Would you give the listing again exactly as written, minus its pictures?

[[ INFORMATION PROVIDED open ]]

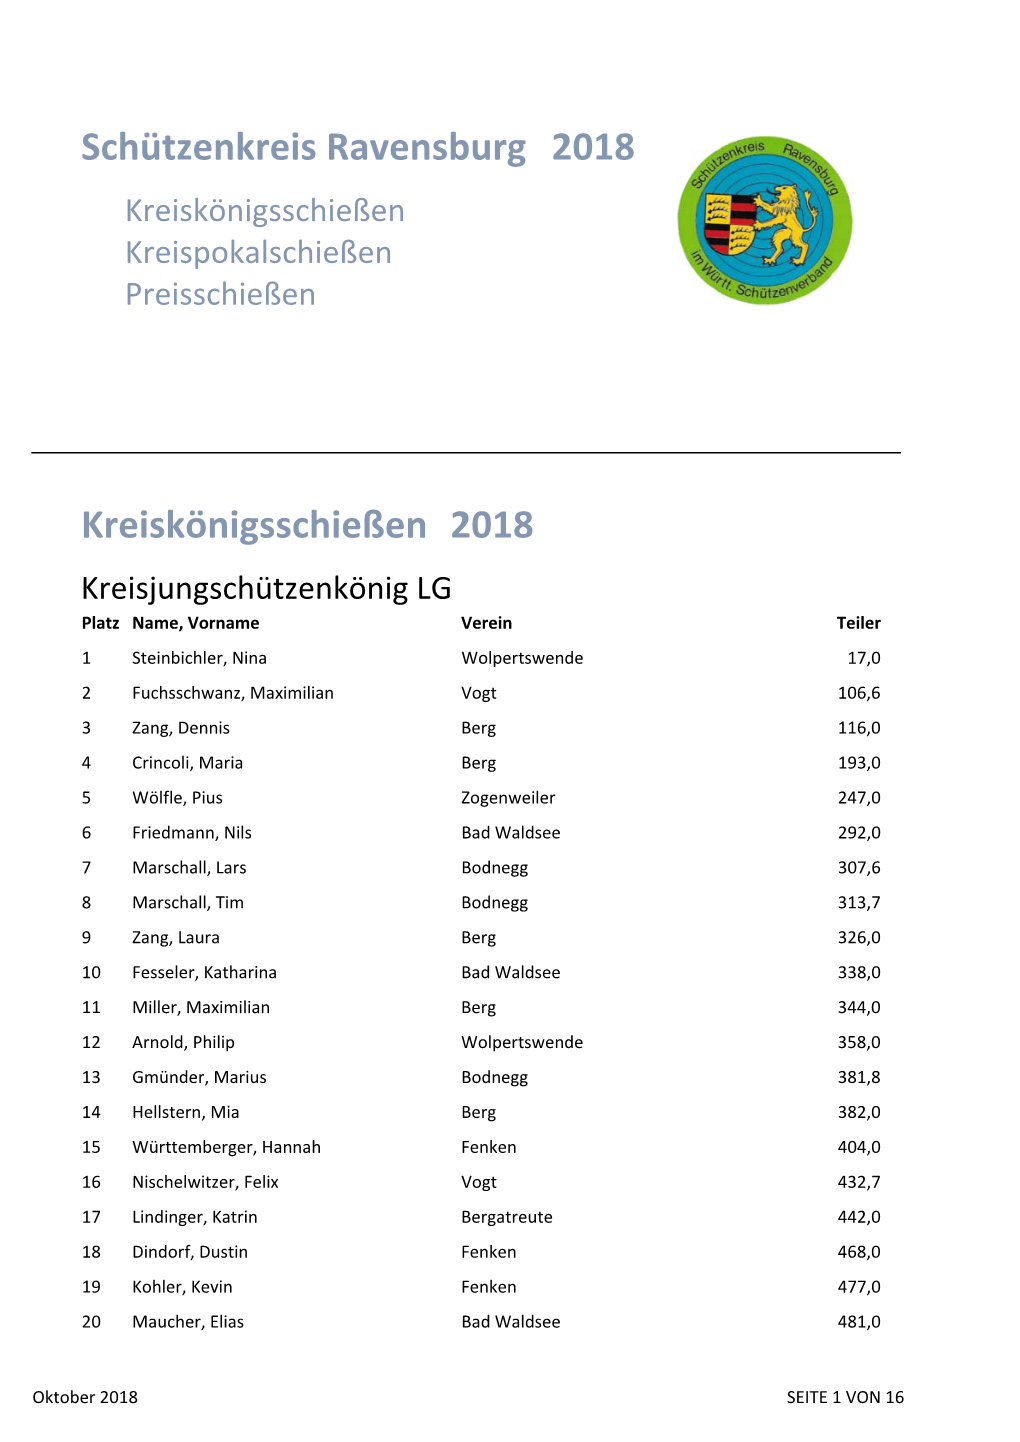 Schützenkreis Ravensburg 2018 Kreiskönigsschießen 2018
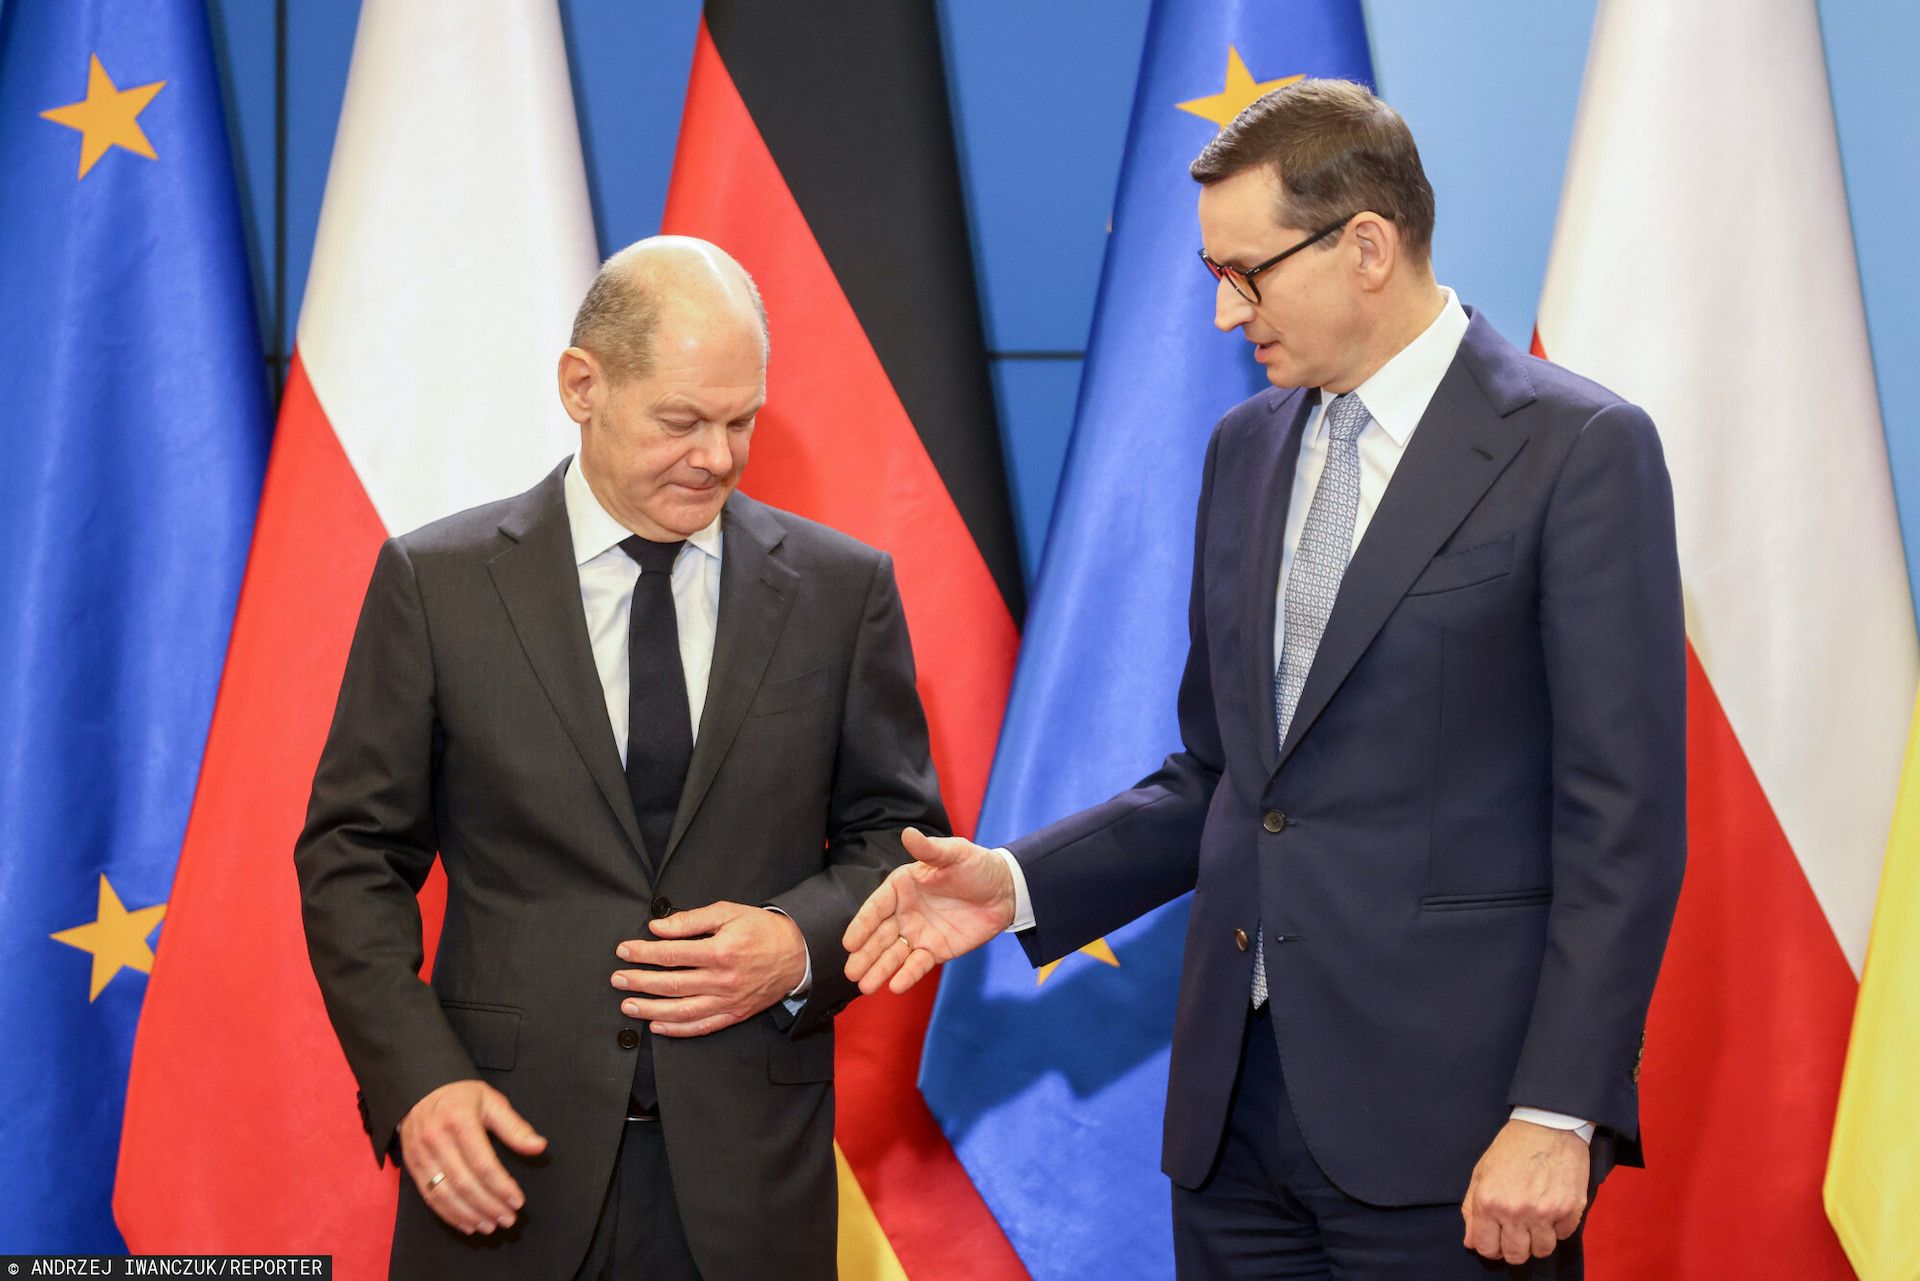 Kanclerz Niemiec nie zgadza się na propozycję polskiego rządu ws. odejścia od rosyjskiego węgla
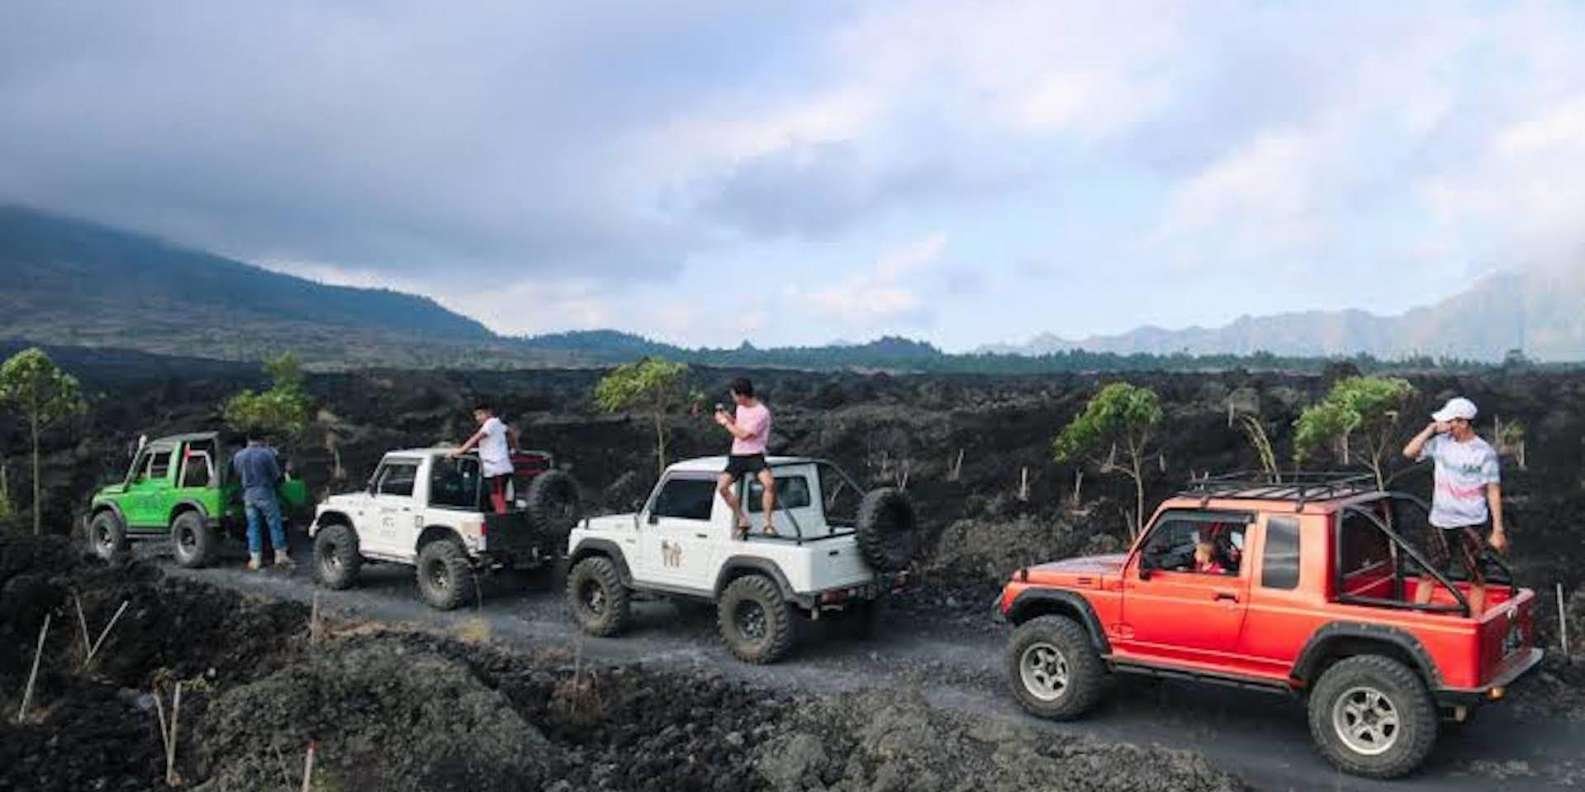 019-mt-batur-black-lava-jeep-tour-natural-hot-spring-7-t175089.jpg

[[ INFORMATION PROVIDED closed ]]

• RESULT OF THIS EXERCISE:
 Schützenkreis Ravensburg 2018 Kreiskönigsschießen 2018
 Kanclerz Niemiec nie zgadza się na propozycję polskiego rządu ws. odejścia od rosyjskiego węgla
 019-mt-batur-black-lava-jeep-tour-natural-hot-spring-7-t175089.jpg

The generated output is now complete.